In contrast, we might perceive the great thing as great in itself, and we declare to be totally satisfied, but then we ask, "What use is it?" or "What can I do with that?"

Like meditation, singing overtones is an end in itself, and needs no purpose to evince its value. In way, it is totally useless, as is meditation, but therein lies its highest use!

The moment we desire some end from the process of singing, we have lost the purpose. Desire for something more than the act itself diminishes the quality of of the act.

However, I have made some use of overtone singing in creating eleven mystical love songs in a collection of songs known as "The Me Machine."

For many more years that I have taught, I have struggled conceptually with what to do with overtone singing, to whom it belongs, whether I should be teaching it at all, and how best to share it with others.

Forced into live performance on occasion for need of money, I had to come up with something to do to keep the show going. Overtone singing alone can't always fill an hour-long set. So, when not overtone singing, I would sing or recite lyrics of my own smart-ass design, or play trumpet, and generate looping drones of any of those sound sources to support the lead melody. After a few performances, I found I had a body of "songs," which audiences found amusing.

These songs are studio creations that employ much layering of overtone singing. These vocal layers provide accompaniment to the principal singing of lyrics that either switches to mini-solos of obvious overtone singing styles. When the overtone singing is not obvious, the singing is still performed with a subtle enhancement of the overtones. Nevertheless, all the sounds on this album were created with an enhanced awareness of harmonic overtones, and my awareness of of the overtones might be apparent to the listener.

The lyrics are mystically romantic. The text also contains little lists of philosophical aphorisms that I need to remember.

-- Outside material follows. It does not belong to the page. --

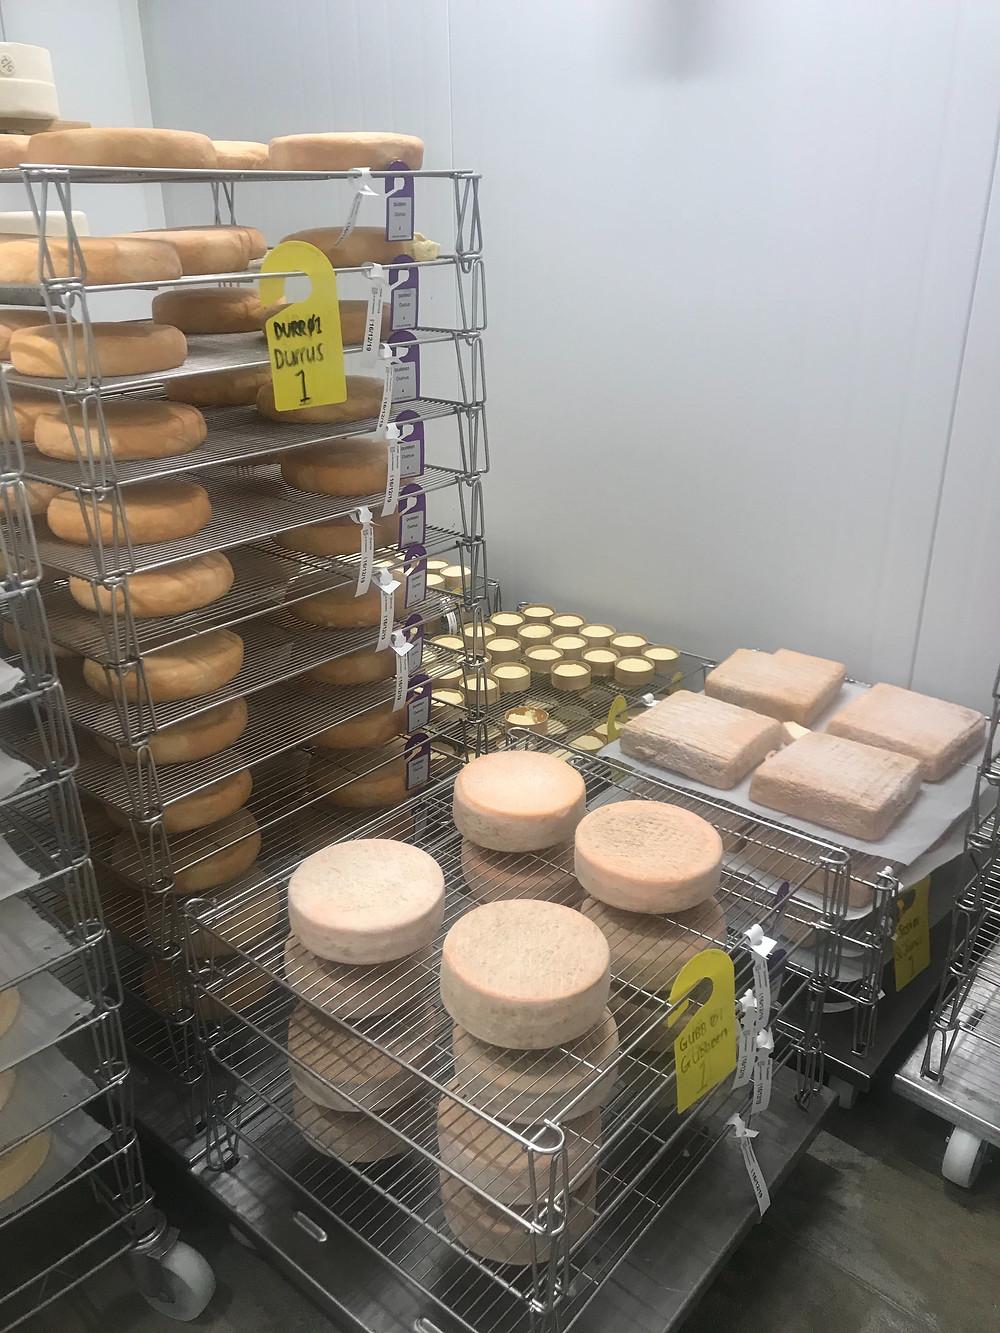 Soft cheeses maturing at Neal's Yard Dairy

So, I have used overtone singing to produce an end, a product, an album of songs. The songs are blatantly popular, yet still weird enough to keep it all from falling into the pit of illuminati pop. And I can't say I like them all, and I can't even believe they are from me. But I didn't do them for me. I made these songs for those that love me, and I took care to be sure that the music would have maximum universality for the diversity of my loved ones, and how thankful I am for the diversity of all the strange angels in my life.

They only indicator of success I desire is for them, and that one, to love this music.

Finally, I hope my use of overtone singing honors the beauty of solo singing while including it in the style of the popular song. Meanwhile, I shall set to work on the next improvement, the next whim of my desire, which I will soon share with you, with the beloved, and with the One.